▶ _About this task_
Write the data out again exactly, with every picture removed.

▶ _Source material_
################
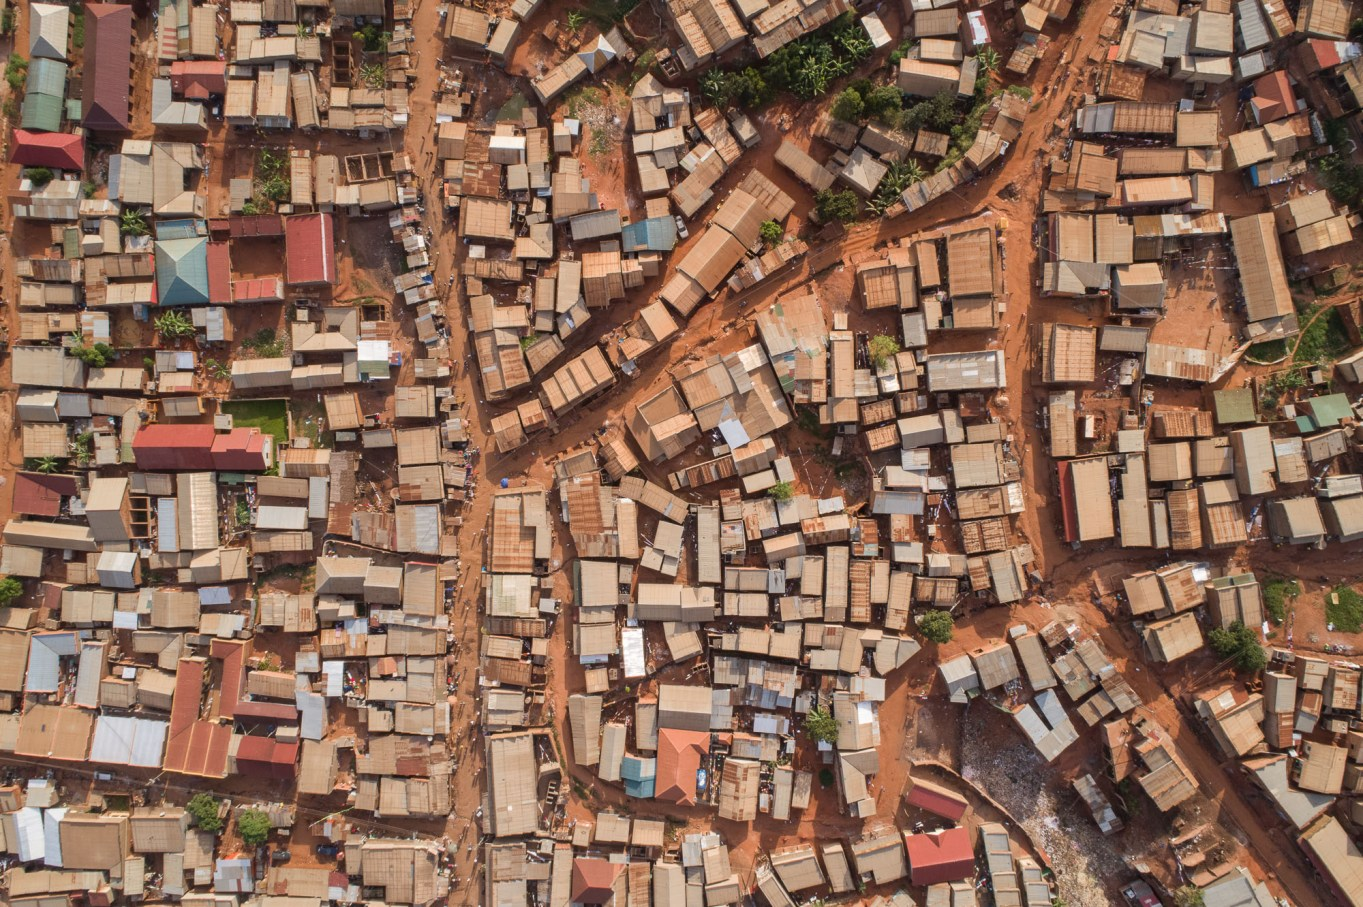 Aerial view of slum communities in Kampala, Uganda.
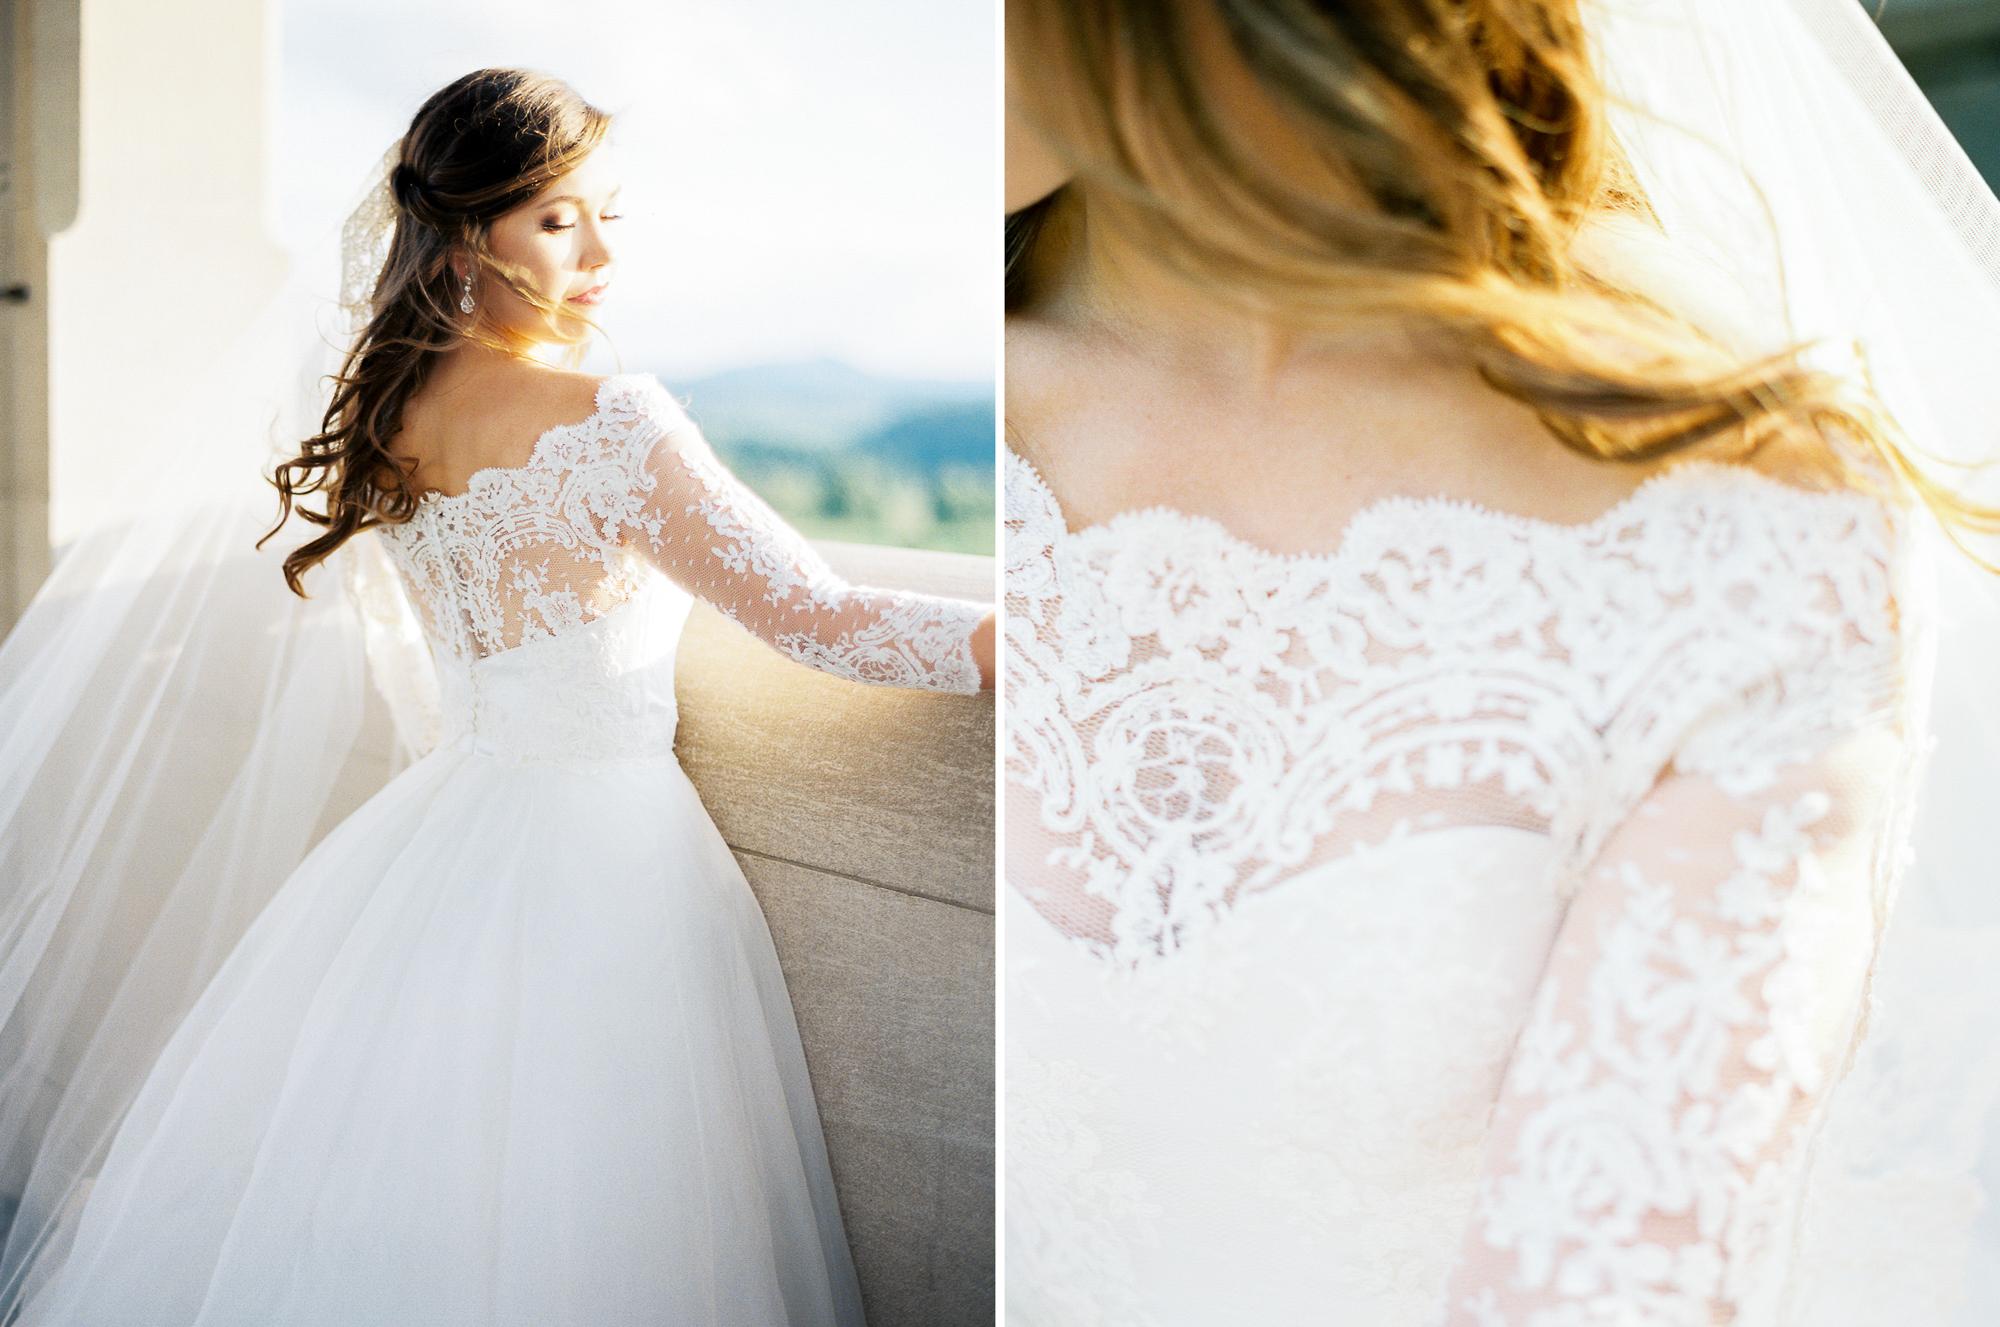 timeless-classy-cathedral-veil-bridal-session-biltmore-north-carolina-wedding-film-photographer-14.jpg
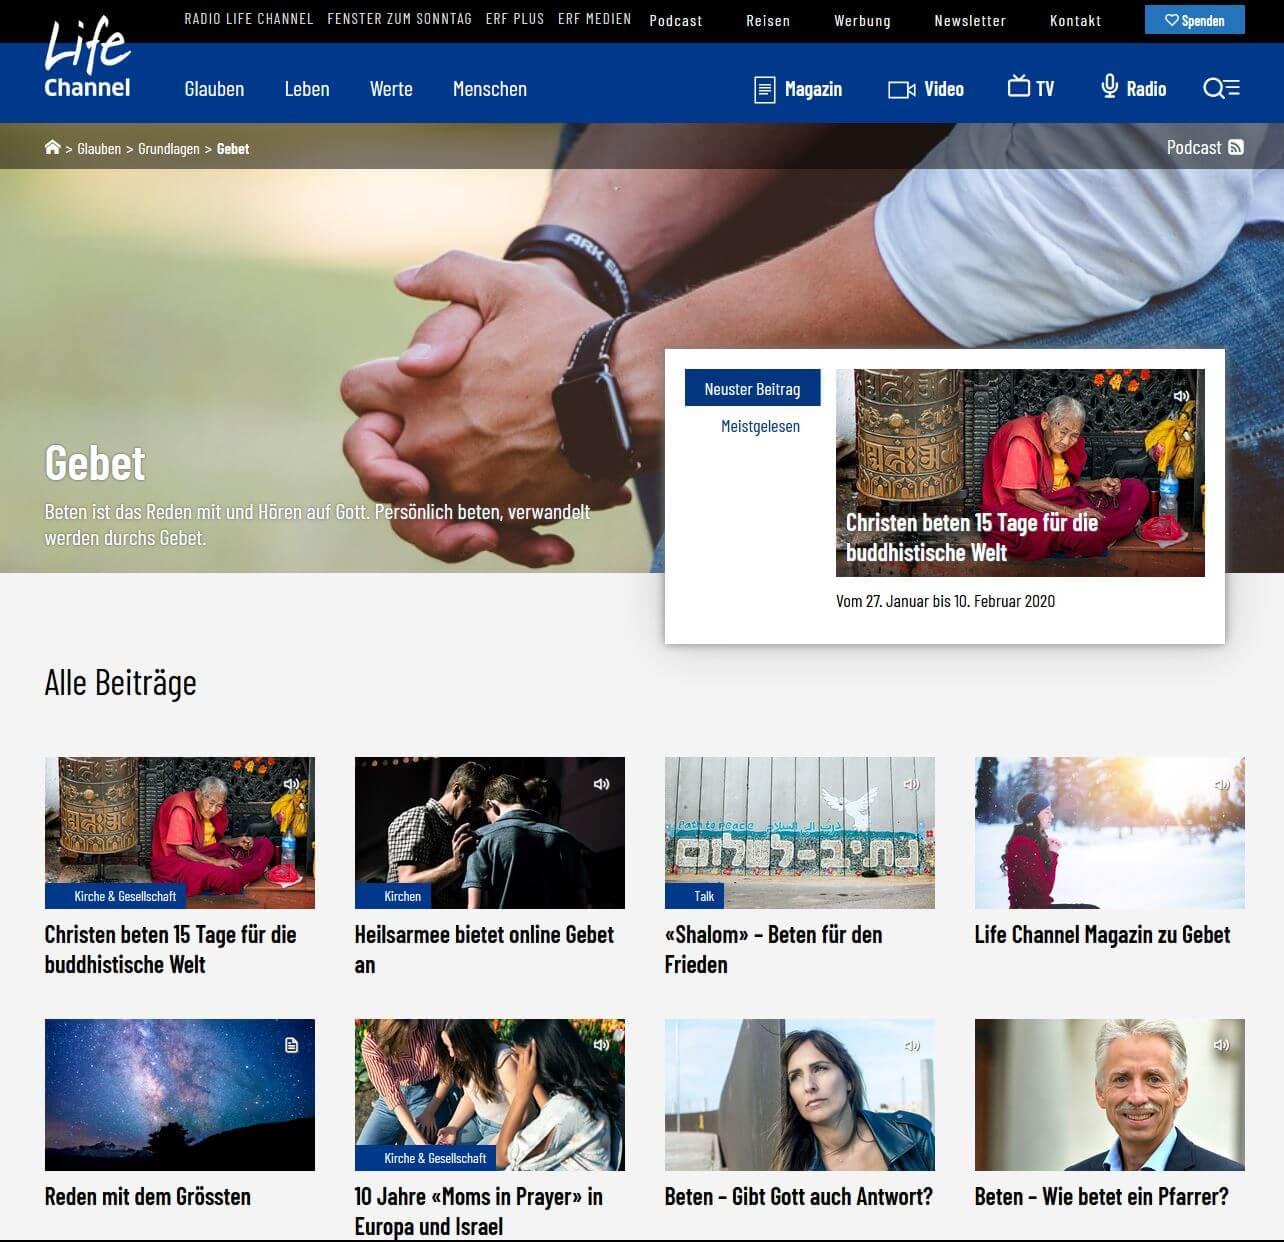 Life Channel.ch: Dossier Beten, Gebet
################
▶ _Written reply_
 Aerial view of slum communities in Kampala, Uganda.
 timeless-classy-cathedral-veil-bridal-session-biltmore-north-carolina-wedding-film-photographer-14.jpg
 Life Channel.ch: Dossier Beten, Gebet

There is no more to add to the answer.